Let’s learn about the disease Wang Renfei suffers from – pseudohypertrophic muscular dystrophy. The main clinical manifestations of muscular dystrophy pseudohypertrophy are progressive muscle atrophy and weakness that, over time, ultimately affects the function of respiratory and cardiac muscles. According to clinical manifestations, it can be divided into Duchenne type (Duchenne) and Becker type (Becker).
1. What is the difference between the two types?
Both diseases are caused by mutations in a gene that encodes a muscle-protecting protein known medically as “dystrophin.” Mutations in this gene lead to impaired muscle development and regeneration.
Both diseases are inherited X-linked recessively, and males have only one X chromosome from the mother and one Y chromosome from the father. Therefore, women can be used as “carriers” of the gene, and the patients with clinical manifestations are all men. The difference between the two is that patients with Duchenne muscular dystrophy lack the protein myoprotectant, and patients with Becker muscular dystrophy have lower levels of this protein. So people with Duchenne muscular dystrophy begin to have symptoms in early childhood, while those with Becker muscular dystrophy tend to have less severe symptoms, and they usually show obvious symptoms in adulthood.
The early clinical manifestations of Duchenne muscular dystrophy are clumsy walking, easy falling, inability to run and climb buildings, and swaying, like a duck. Due to muscle weakness, it is very difficult to get up from a supine position. It is necessary to turn over and lie on the stomach first, then support the knees with both hands and then stand up. The disease progressed gradually, the arms could not be raised, and the scapulae became wing-like, and finally the intercostal muscles and facial muscles were also weak. Some affected muscles become hypertrophic due to the replacement of muscle fibers by fat. This “pseudohypertrophy” is more common in the gastrocnemius muscle, so it is also called pseudohypertrophic muscular dystrophy.
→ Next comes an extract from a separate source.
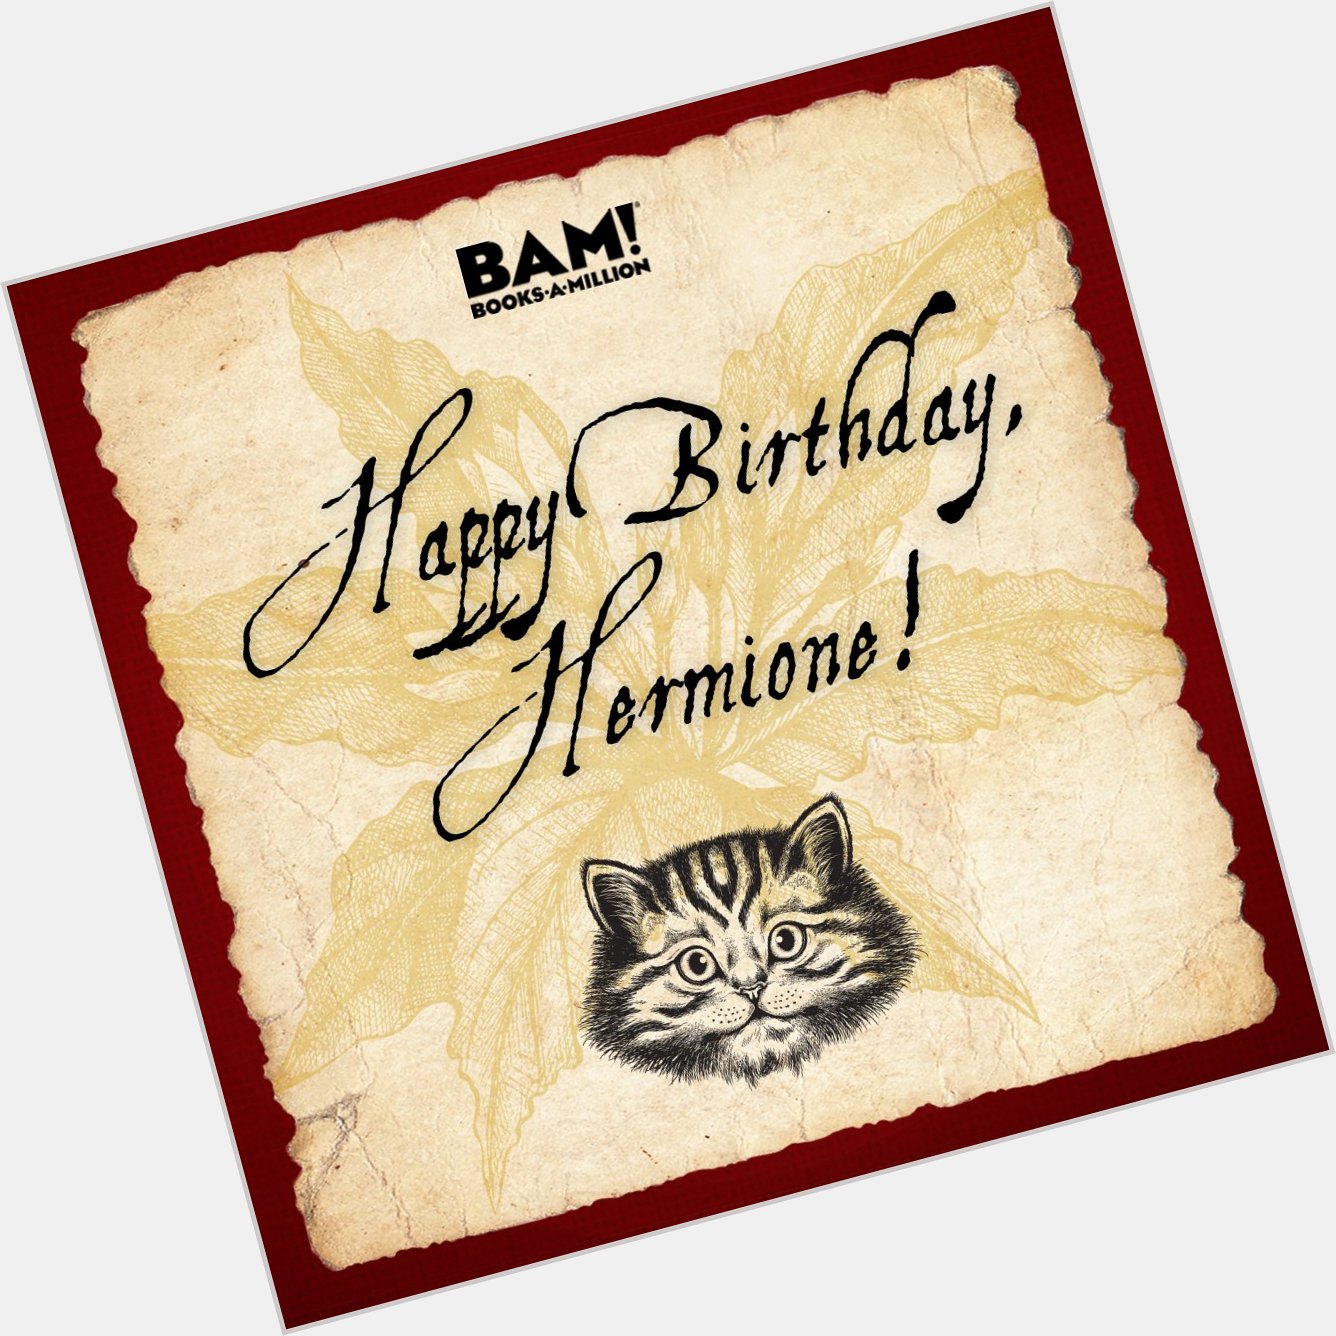 Happy birthday Hermione Granger!

I met a 6-year-old child in the outpatient clinic. He went to the doctor because of clumsy walking. His parents said that he wanted to check the trace elements. I saw that the gastrocnemius muscle of the child’s calf was like an athlete, so I could basically consider it. Diagnosis of muscular dystrophy. After genetic testing confirmed Duchenne muscular dystrophy. Unfortunately, there is currently no cure for this disease, only symptomatic treatment. Most patients cannot walk by the age of 12, become bedridden by the age of 20, and often die of pneumonia.
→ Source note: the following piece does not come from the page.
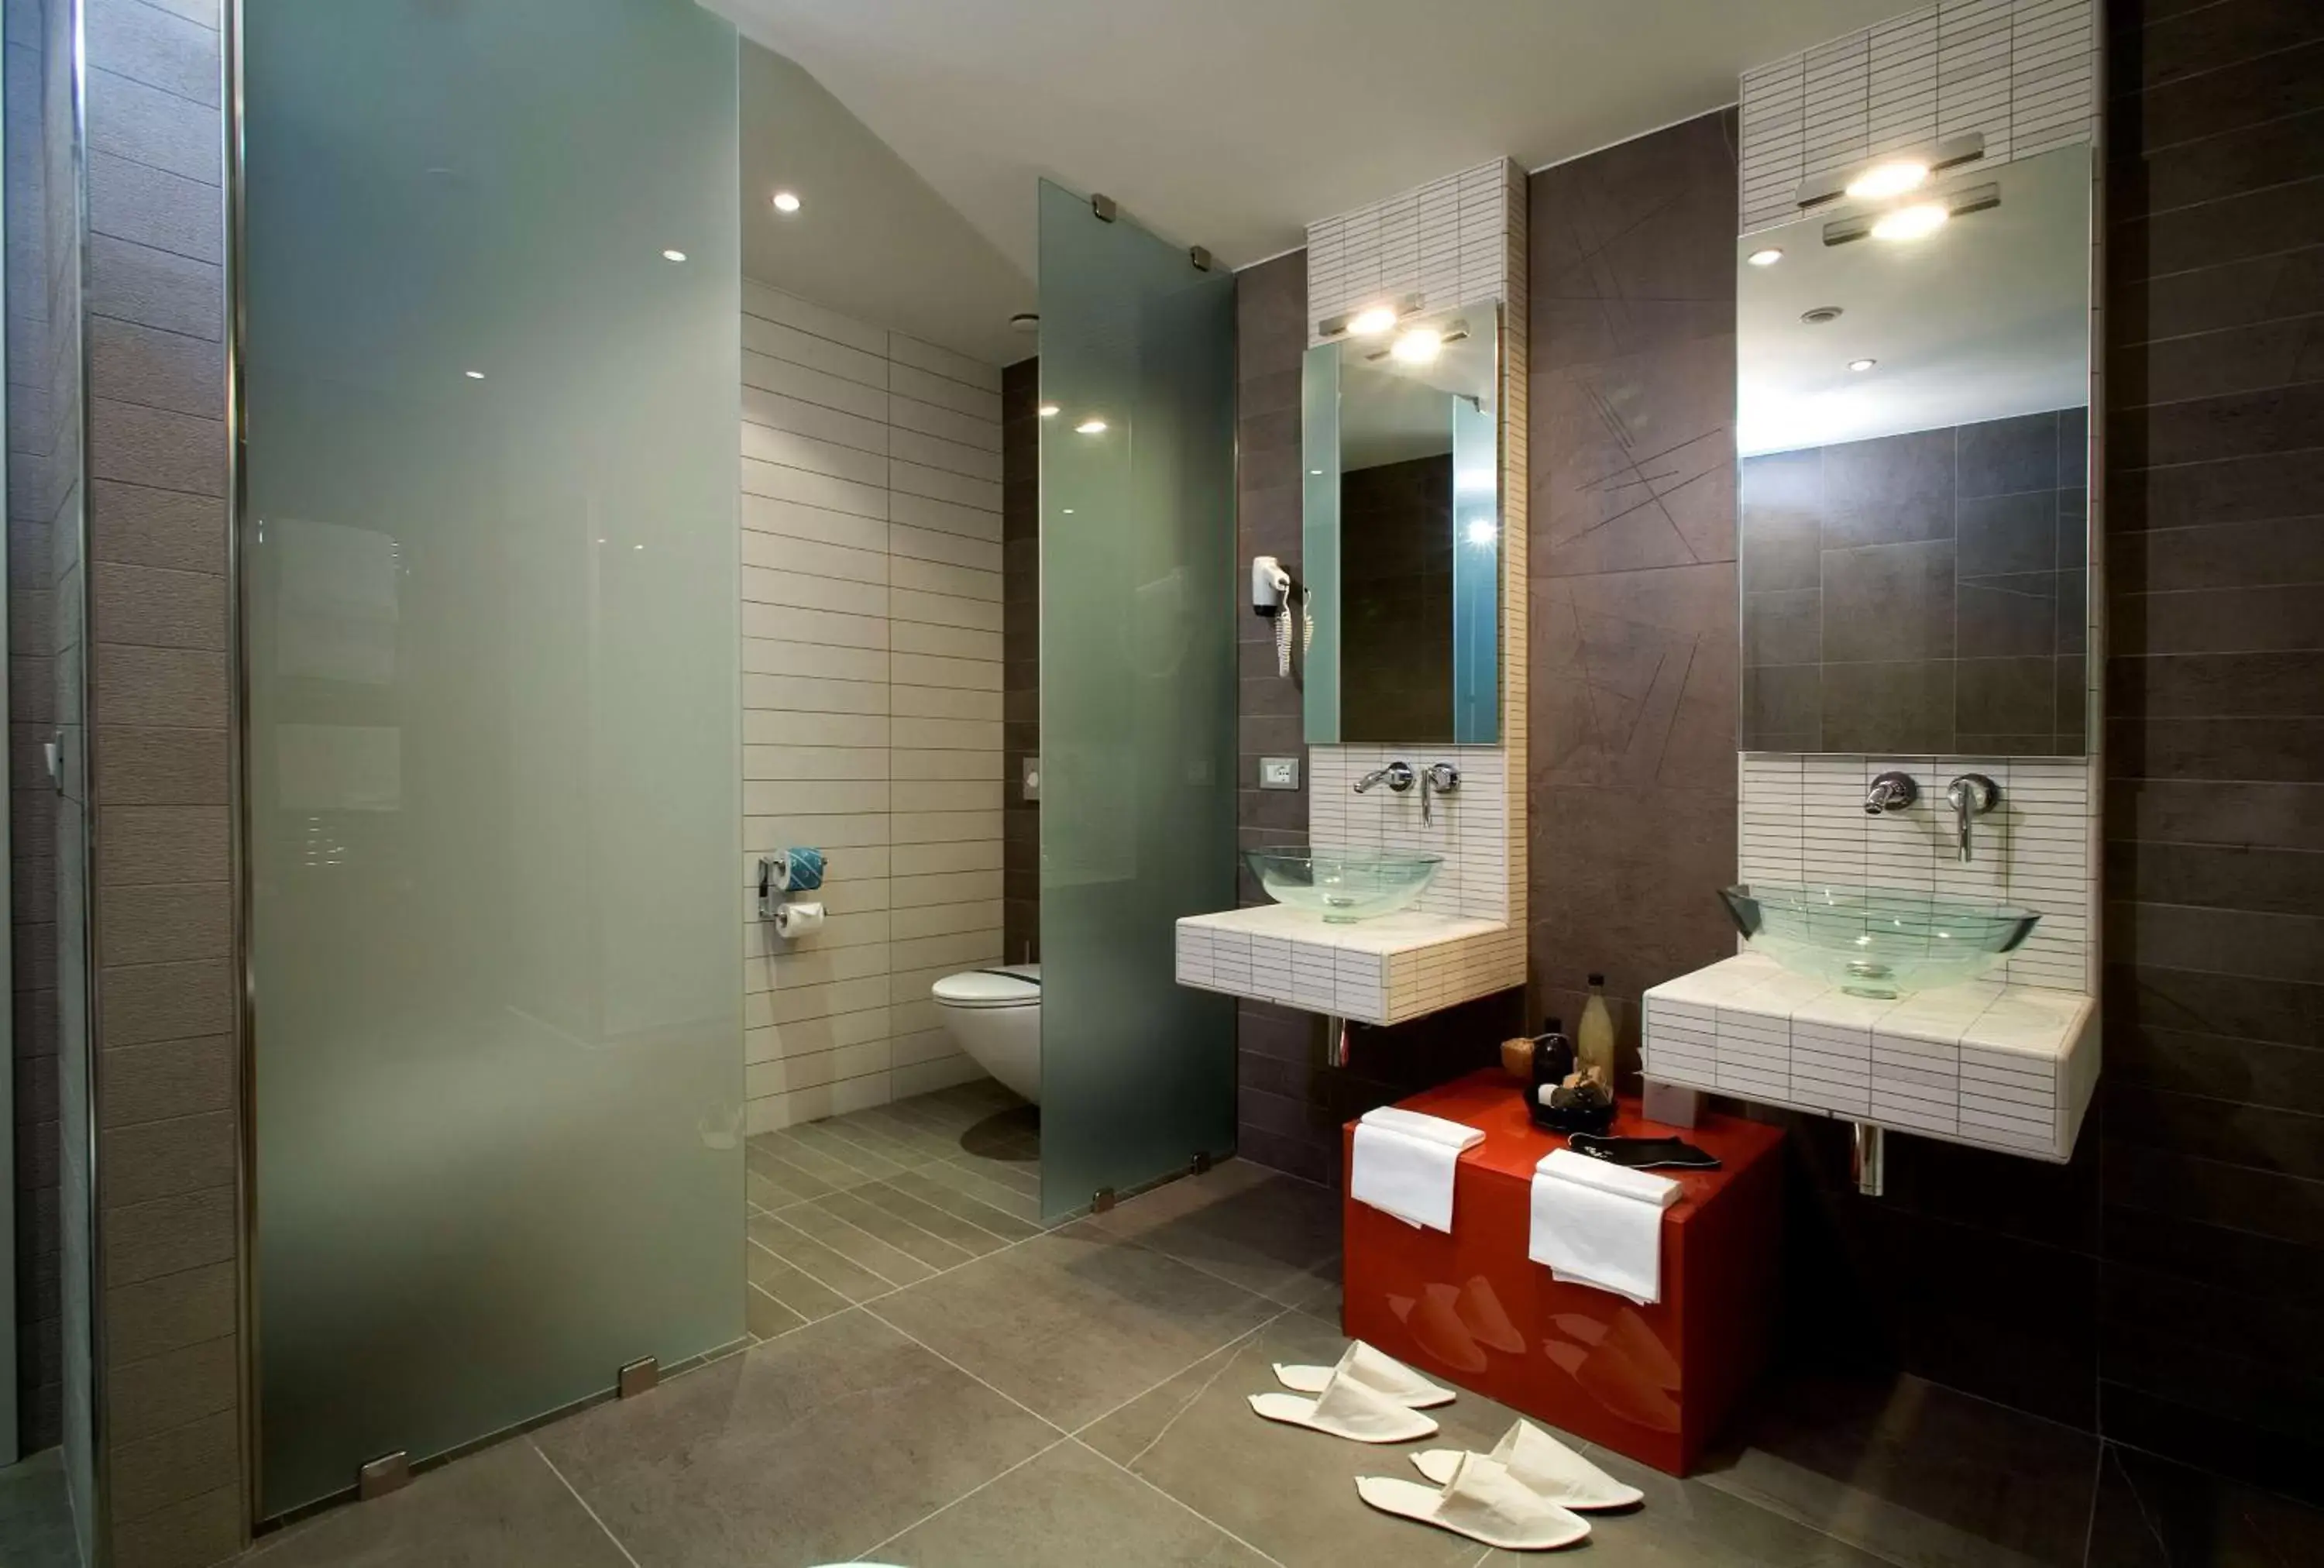 Photo of the whole room, Bathroom in Best Western Plus Hotel Galileo Padova

Becker’s muscular dystrophy is characterized by weak thigh muscles, slow progression, and long course of disease. The patient cannot walk until 25 years or more after symptoms appear, and the prognosis is good.
Second, the hospital said that Wang Renfei was suffering from Bei’s disease. Why did his life stop at the age of 25?
Media reports said that Wang Renfei was diagnosed with DMD (Duchenne Muscular Dystrophy) in a local hospital when he was 5 years old. This disease is rare and not optimistic, because usually patients live only a dozen years. However, after traveling almost all over the country and repeated inspections several times, the inspection result given by the hospital is that Wang Renfei’s disease may not be DMD, but BMD (Bei’s Progressive Muscular Dystrophy). Although the symptoms are similar, they can theoretically live to thirty or forty years old. Wang Renfei’s death after fainting may have been caused by the disease involving the heart muscle.